Good suffix rule: If t is the longest suffix of P that matches T in the current position, then P can be shifted so that the previous occurrence of t in P matches T. In fact, it can be required that the character before the previous occurrence of t be different from the character before the occurrence of t as a suffix.

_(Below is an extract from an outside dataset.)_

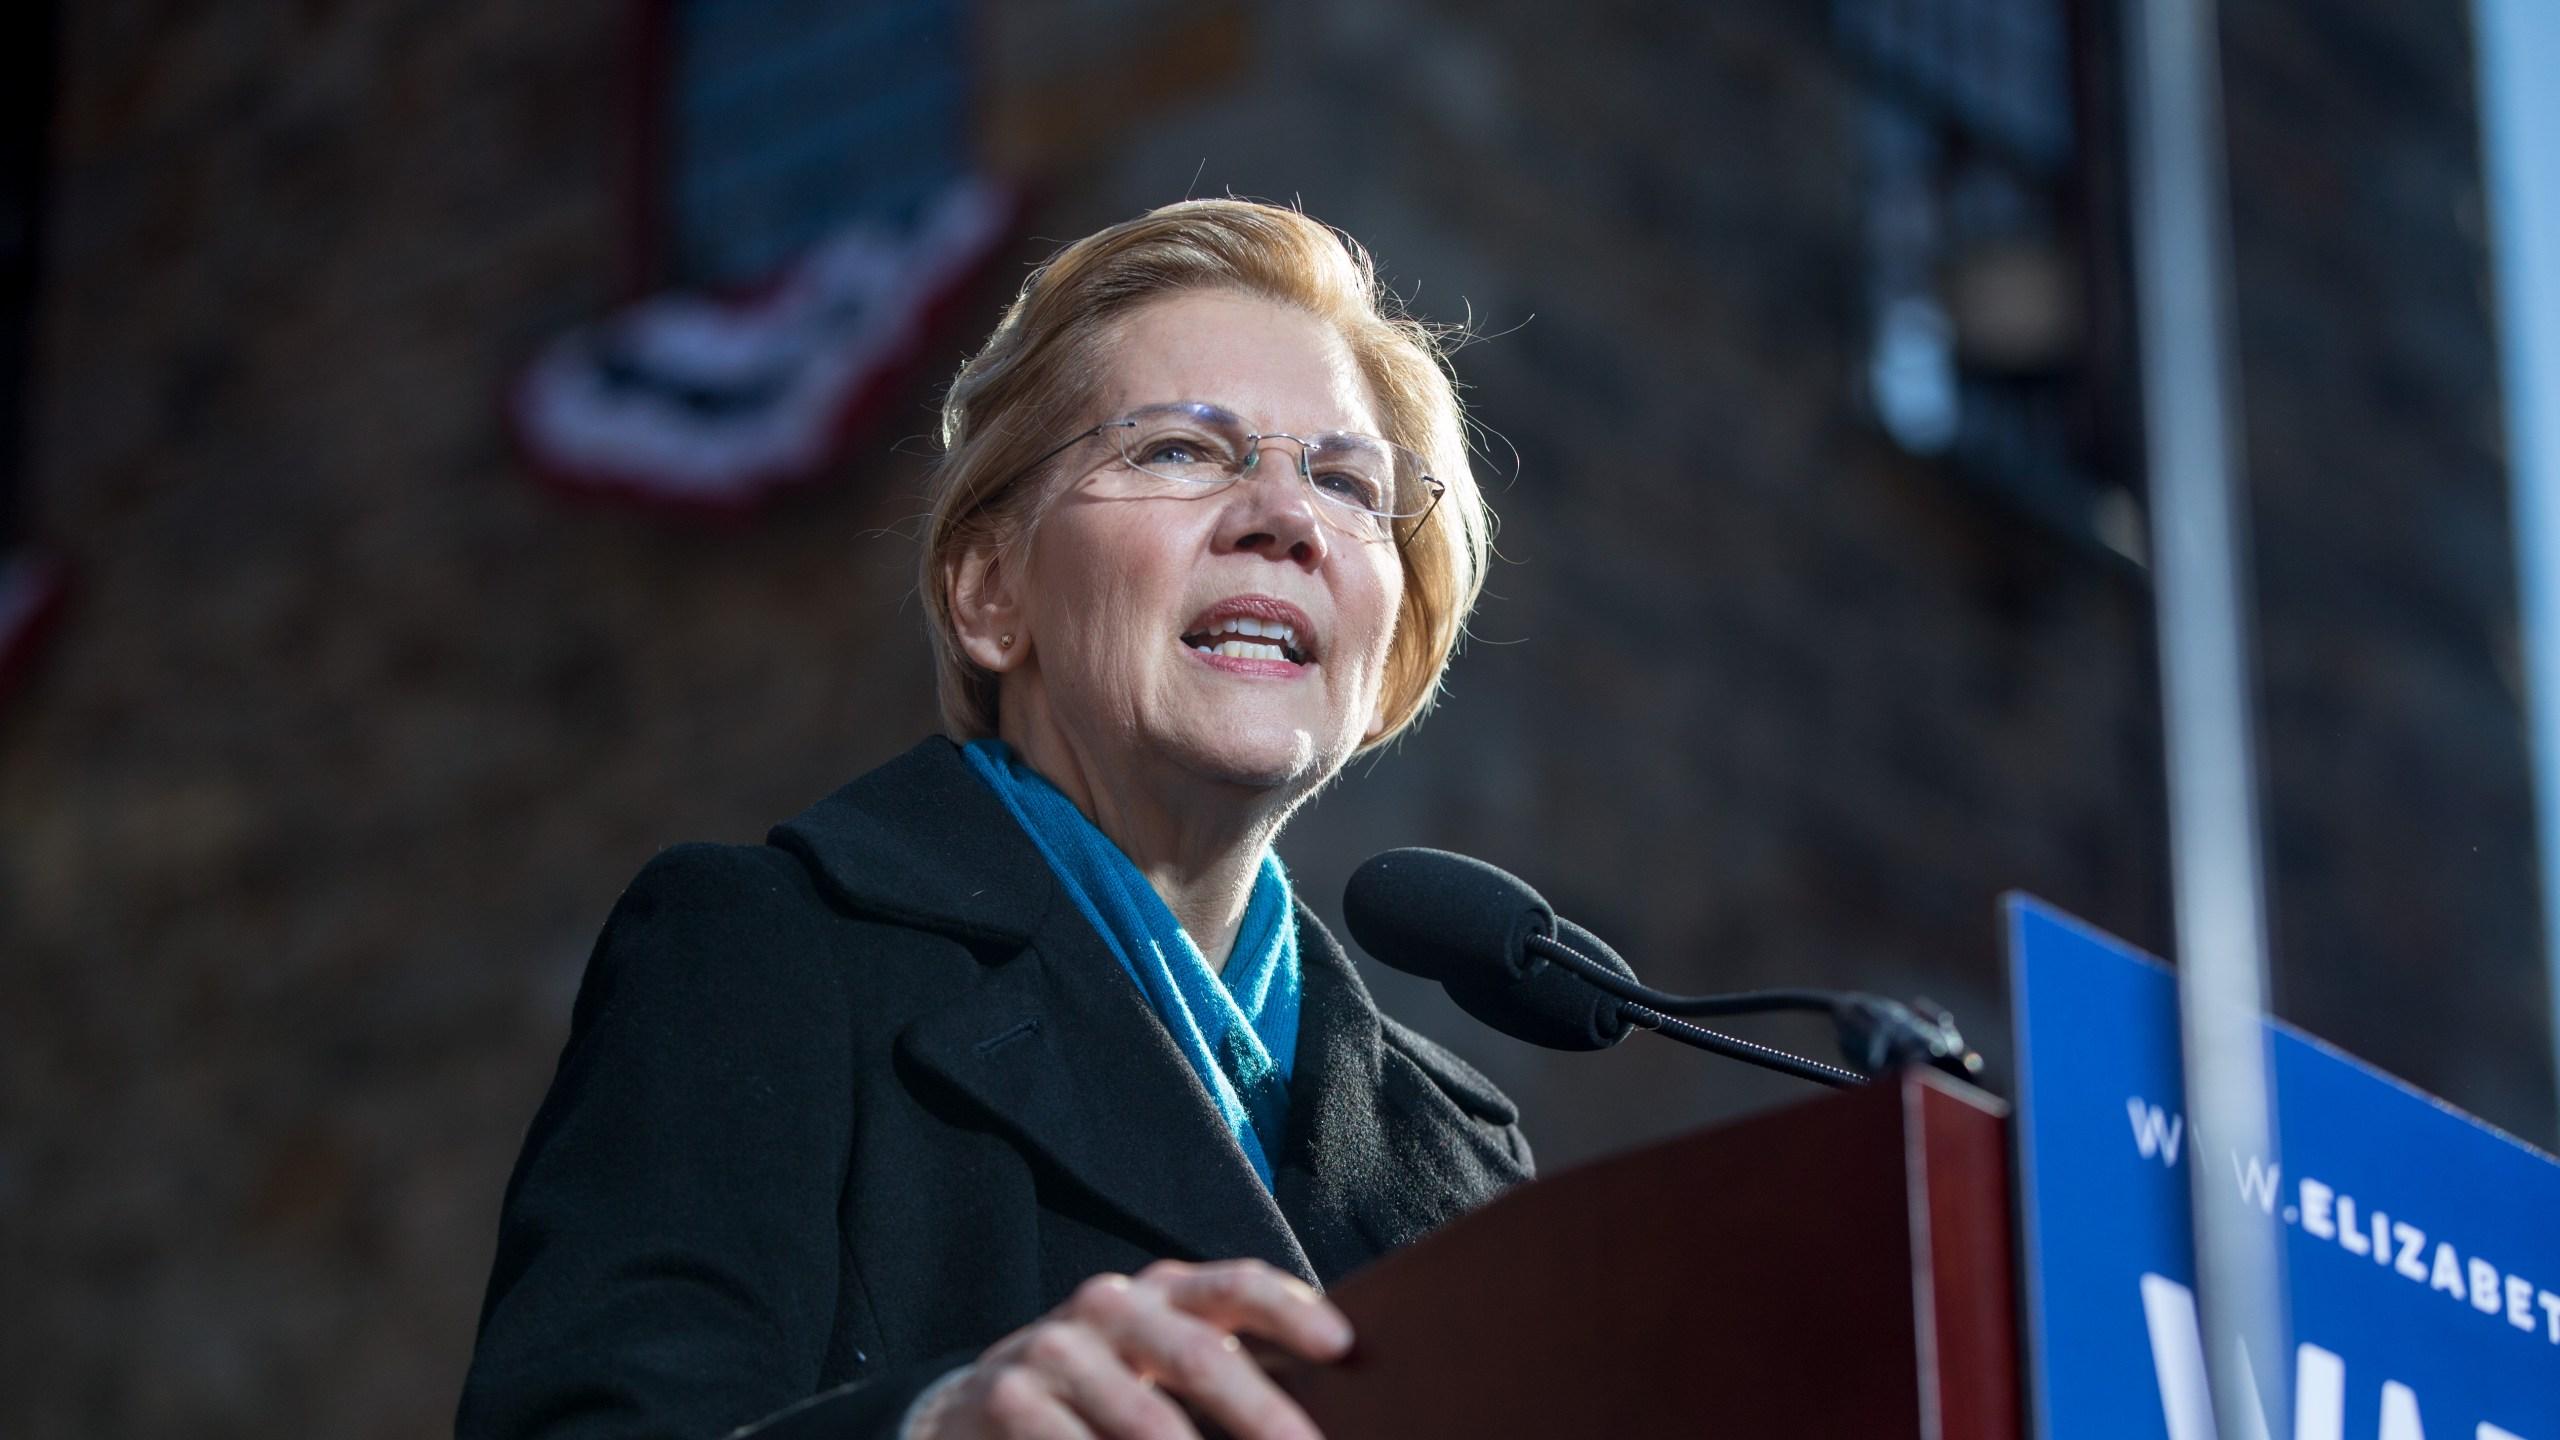 Sen. Elizabeth Warren (D-MA) announces her official bid for president on Feb. 9, 2019 in Lawrence, Massachusetts. (Credit: Scott Eisen/Getty Images)

If no such previous occurrence of t exists, then the following cases apply:

1. Find the smallest shift that matches a prefix of the pattern to a suffix of t in the text
2. If there's no such match, shift the pattern by n (the length of P)

Note that these cases can be applied even if the length of t is n (a match of P was found in T)

More formally:

L(i) is the largest k < n so that P[i..n] matches a suffix of P[1..k] (or zero if none exists)

L'(i) is the largest k < n so that P[i..n] matches a suffix of P[1..k] and P(i-1) did not match the character before the suffix (or zero if there's no such j)

Nj(P) is the length of the longest suffix of P[1..j] that is also a suffix of P Note: Nj(P) = Zn-j+1(Pr)

l'(i) is the length of the longest suffix of P[i..n] that is also a prefix of P (or zero if none exists)

Theorem 2.2.2: L(i) is the largest j < n so that Nj(P) >= |P[i..n]| = n - i + 1
L'(i) is the largest j < n so that Nj(P) = |P[i..n]| = n - i + 1

Given this theorem and the above note, one can calculate all the Nj(P) values using the Z (fundamental preprocessing) algorithm, then go through these values in order of j filling in a table of L'(i) = j, where i = n - Nj(P) + 1.

Theorem 2.2.4: l'(i) is the largest j <= |P[i..n]| = n - i + 1 so that Nj(P) = j

Shift due to good suffix rule: If a mismatch occurs at P(i-1) and L'(i) > 0, shift right by n - L'(i)

If L'(i) = 0, shift right by n - l'(i)

When an occurrence of P is found, shift right by n - l'(2)

If P(n) mismatches, shift right by 1